What you should do: Transcribe the listing underneath, keeping each word exact and omitting the images.

Information supplied:
-- Opening Marker --
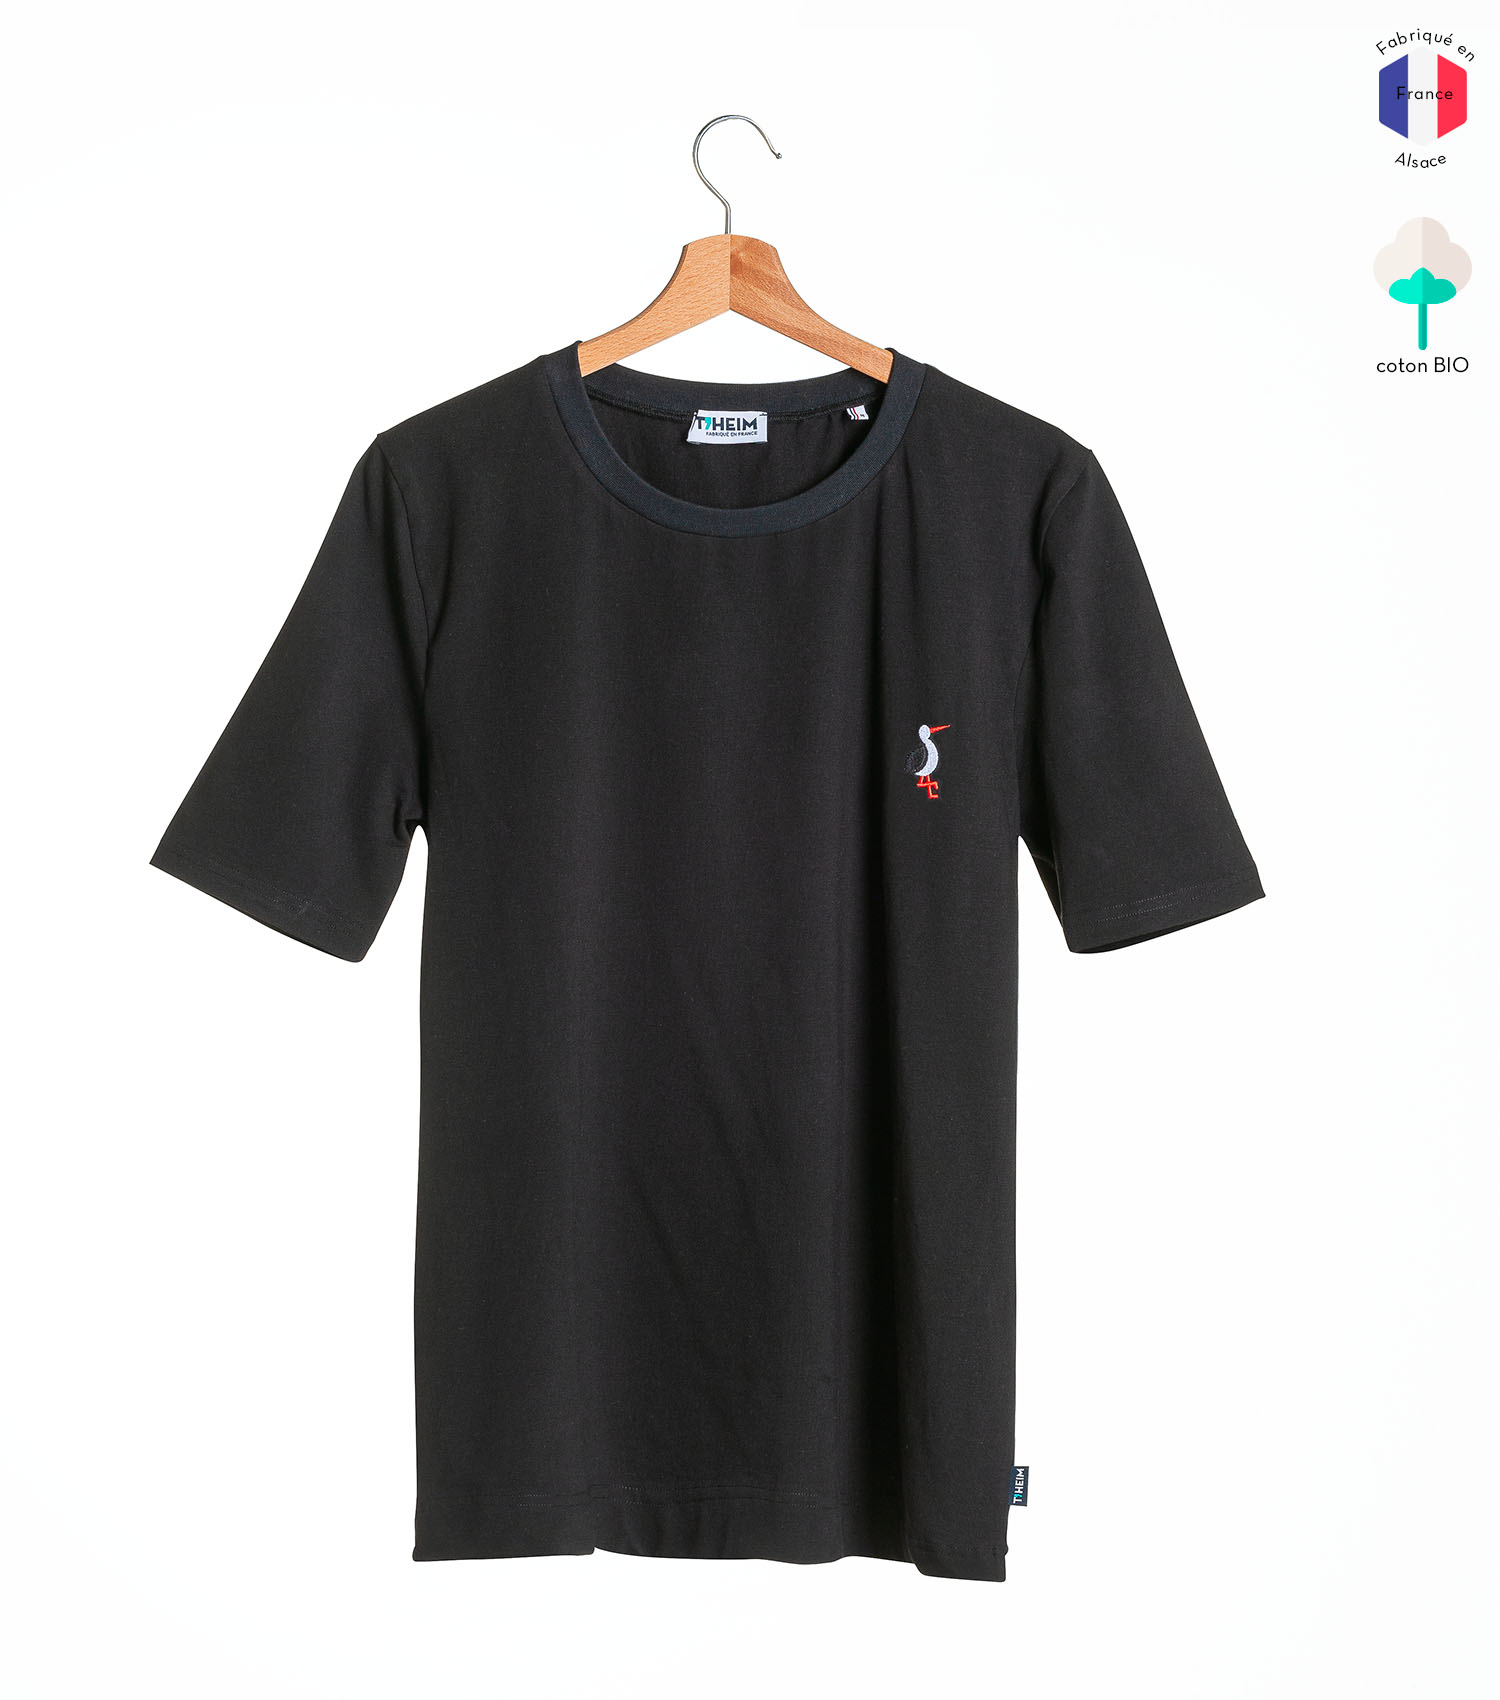 theim-tshirt-mixte-noir-broderie-cigogne-4-1500x1700
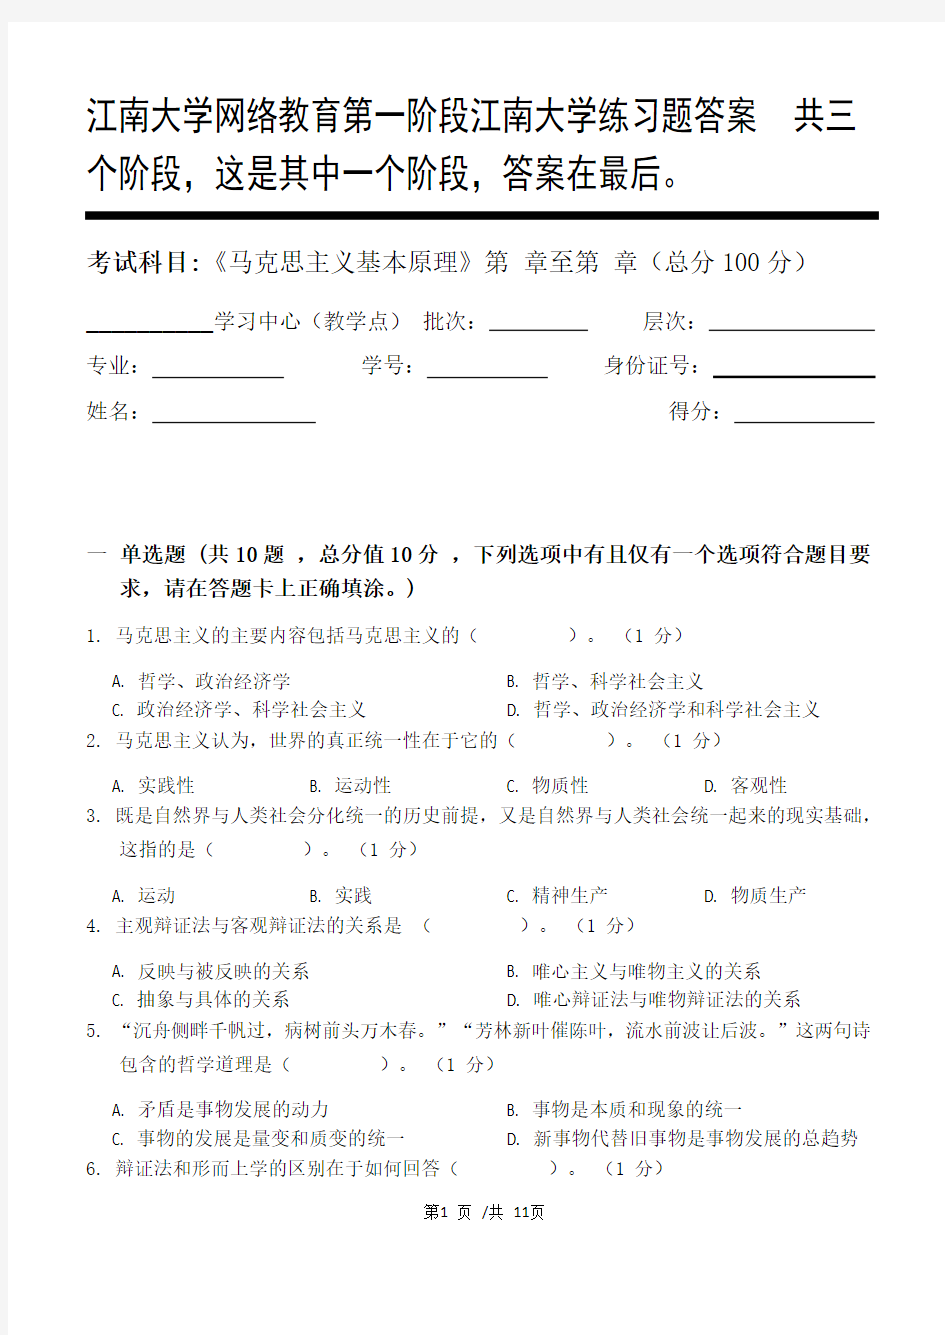 马克思主义基本原理第1阶段江南大学练习题答案  共三个阶段,这是其中一个阶段,答案在最后。
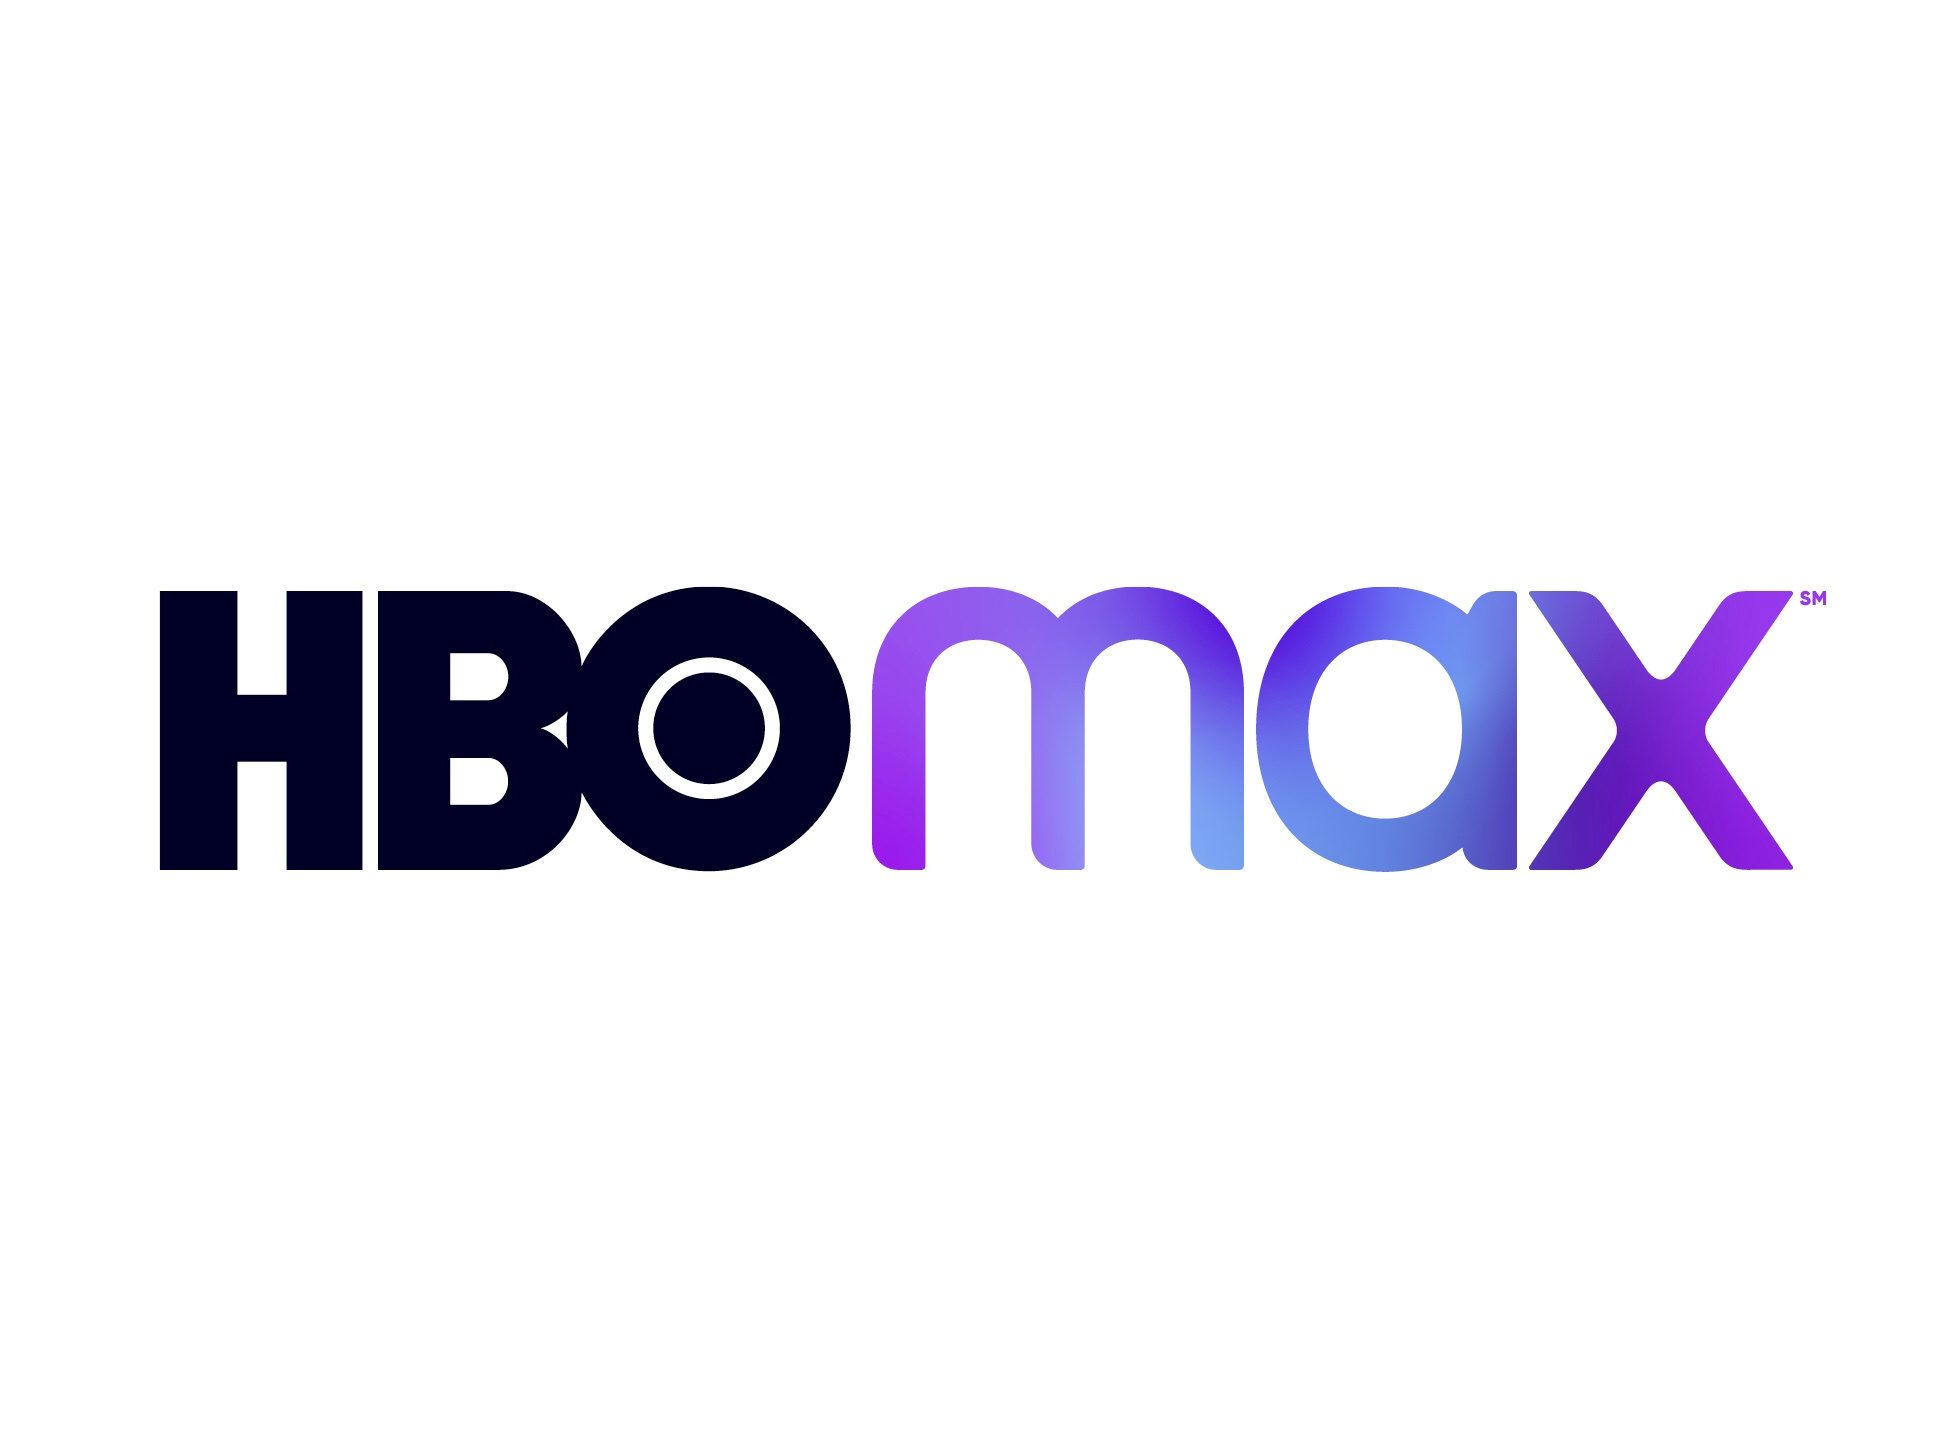 HBO Max España
-- Closing Marker --
Exercise solution:
 theim-tshirt-mixte-noir-broderie-cigogne-4-1500x1700
 马克思主义基本原理第1阶段江南大学练习题答案  共三个阶段,这是其中一个阶段,答案在最后。
 HBO Max España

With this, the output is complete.